=== Begin Enclosure ===
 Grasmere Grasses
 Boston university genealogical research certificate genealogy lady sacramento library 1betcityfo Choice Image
=== End Enclosure ===
=== Begin Enclosure ===
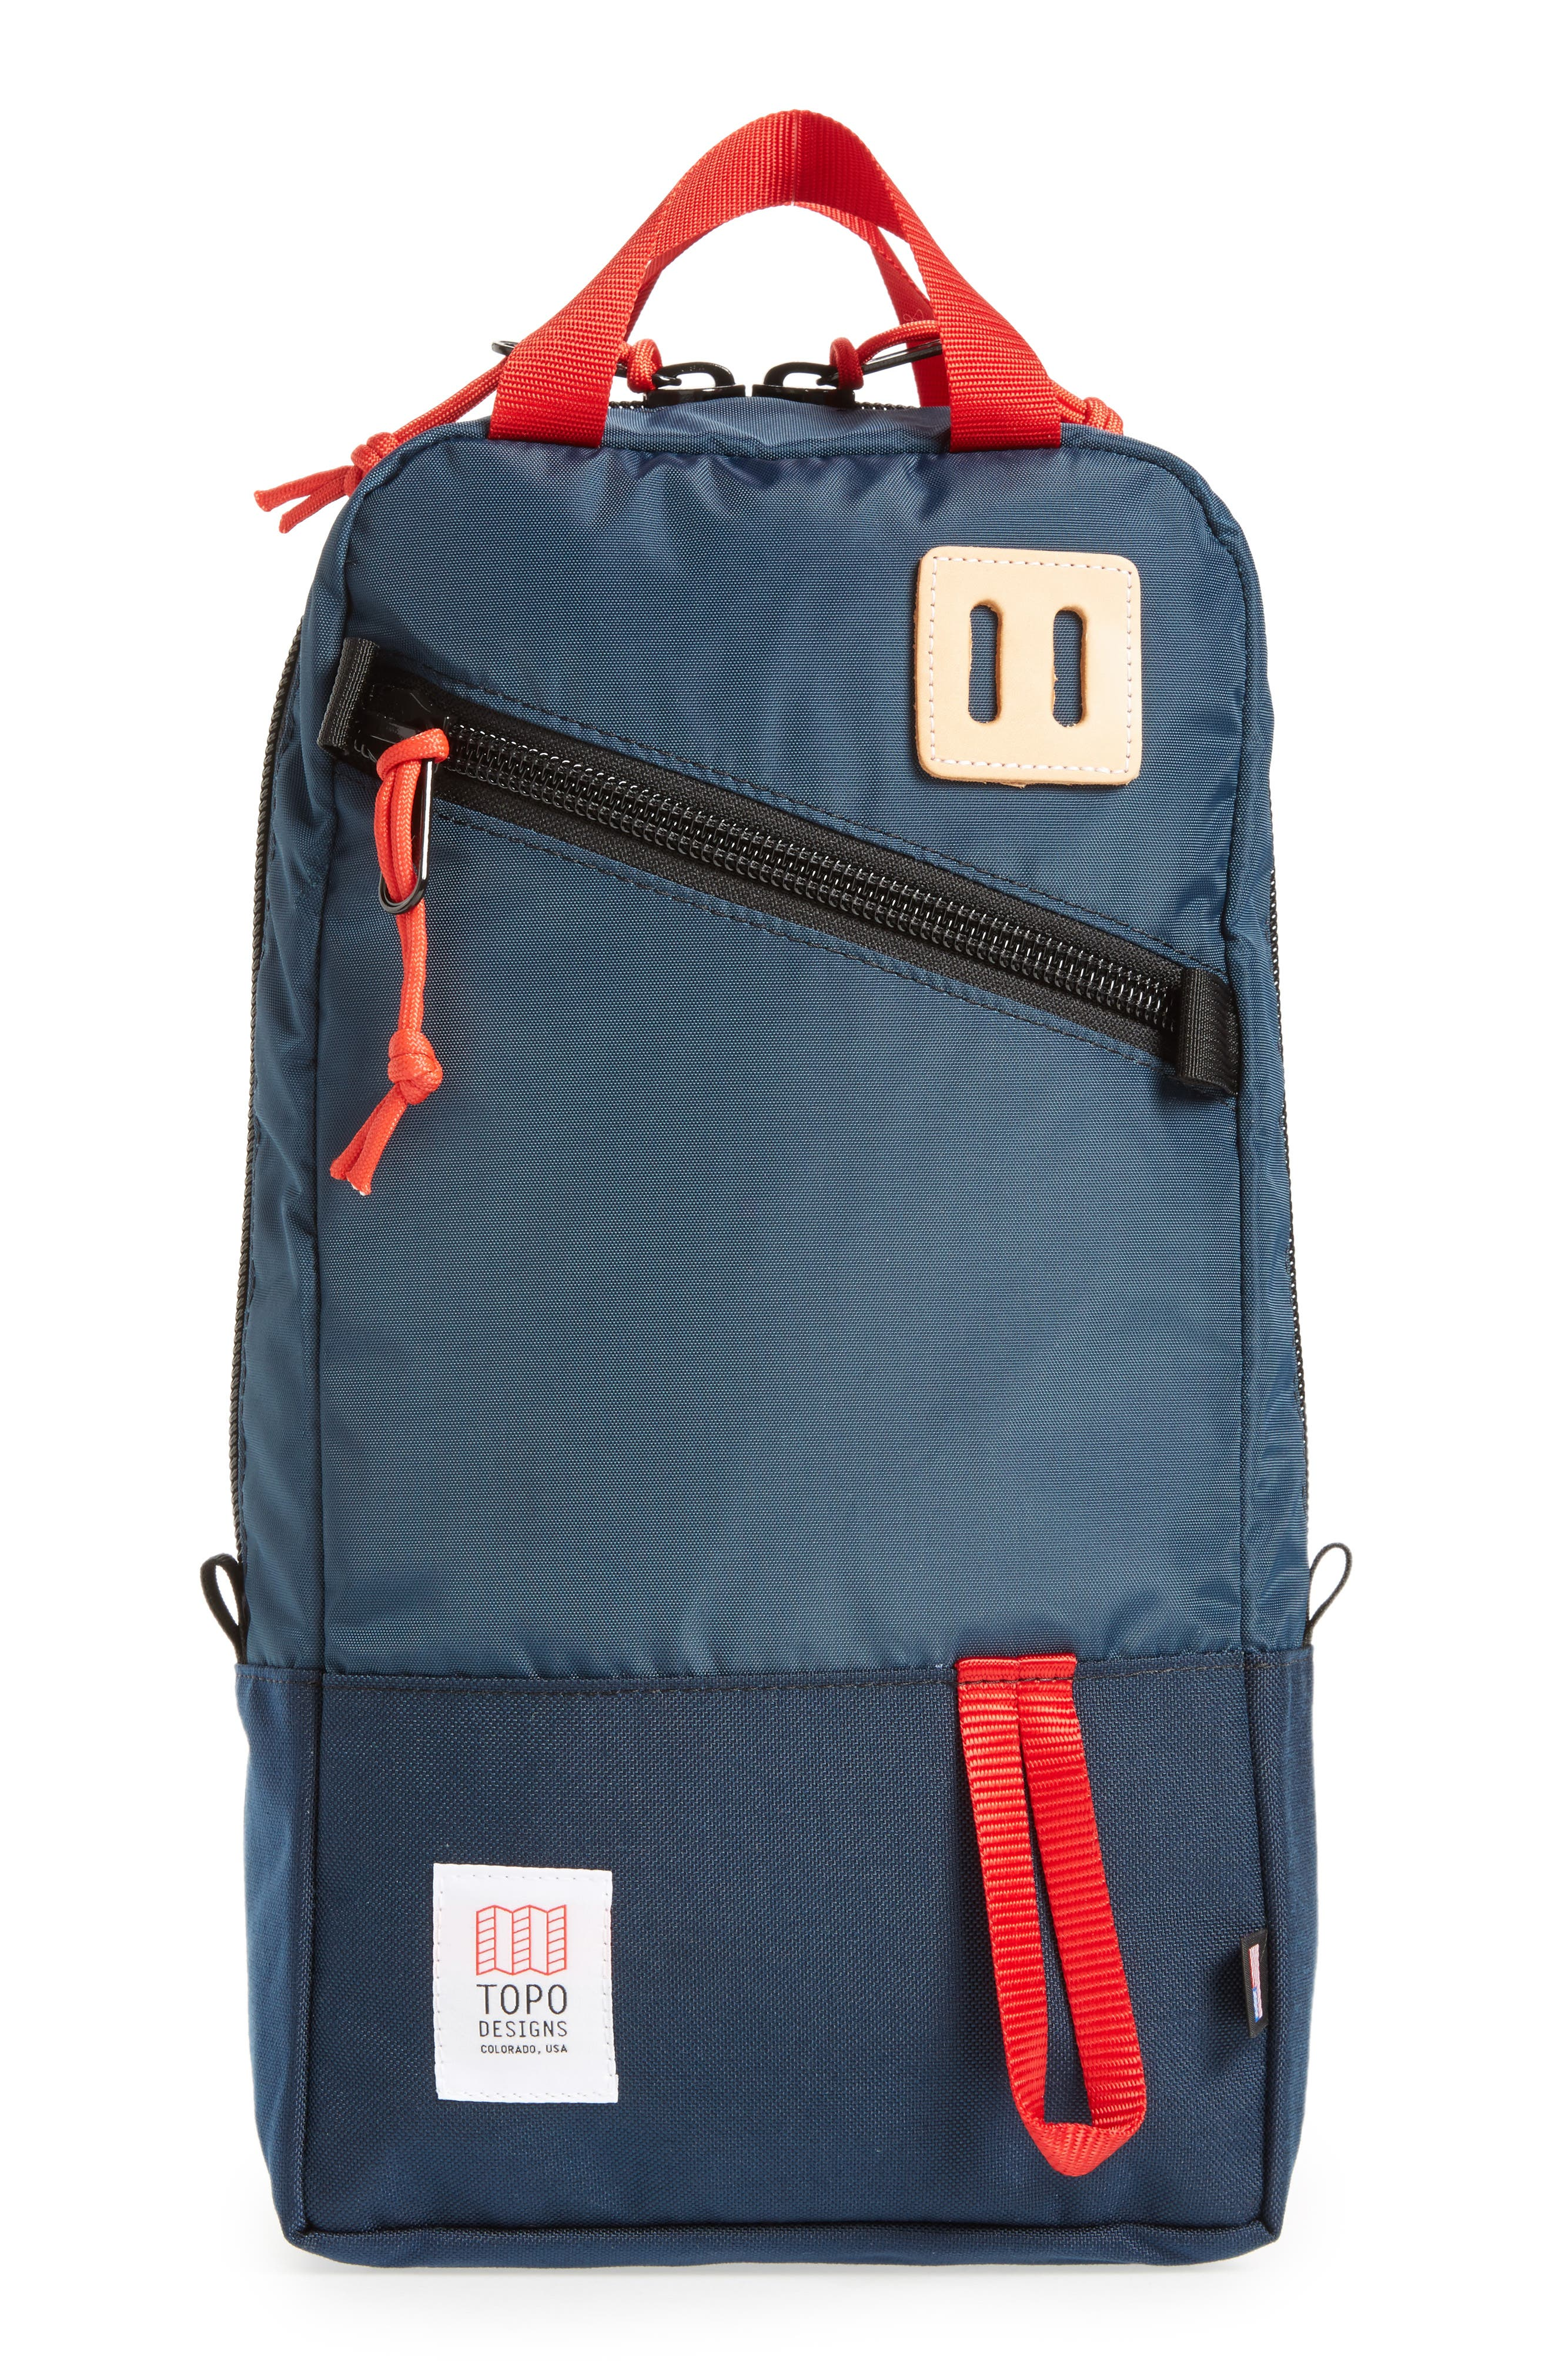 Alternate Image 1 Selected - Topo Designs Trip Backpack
=== End Enclosure ===
> [WHAT YOU WILL DO]:
Would you print, exactly as written, every line above from the one holding "Grasmere Grasses" through the one holding "Boston university genealogical", with both included and no other lines?

> [COMPLETED TASK]:
 Grasmere Grasses
 Boston university genealogical research certificate genealogy lady sacramento library 1betcityfo Choice Image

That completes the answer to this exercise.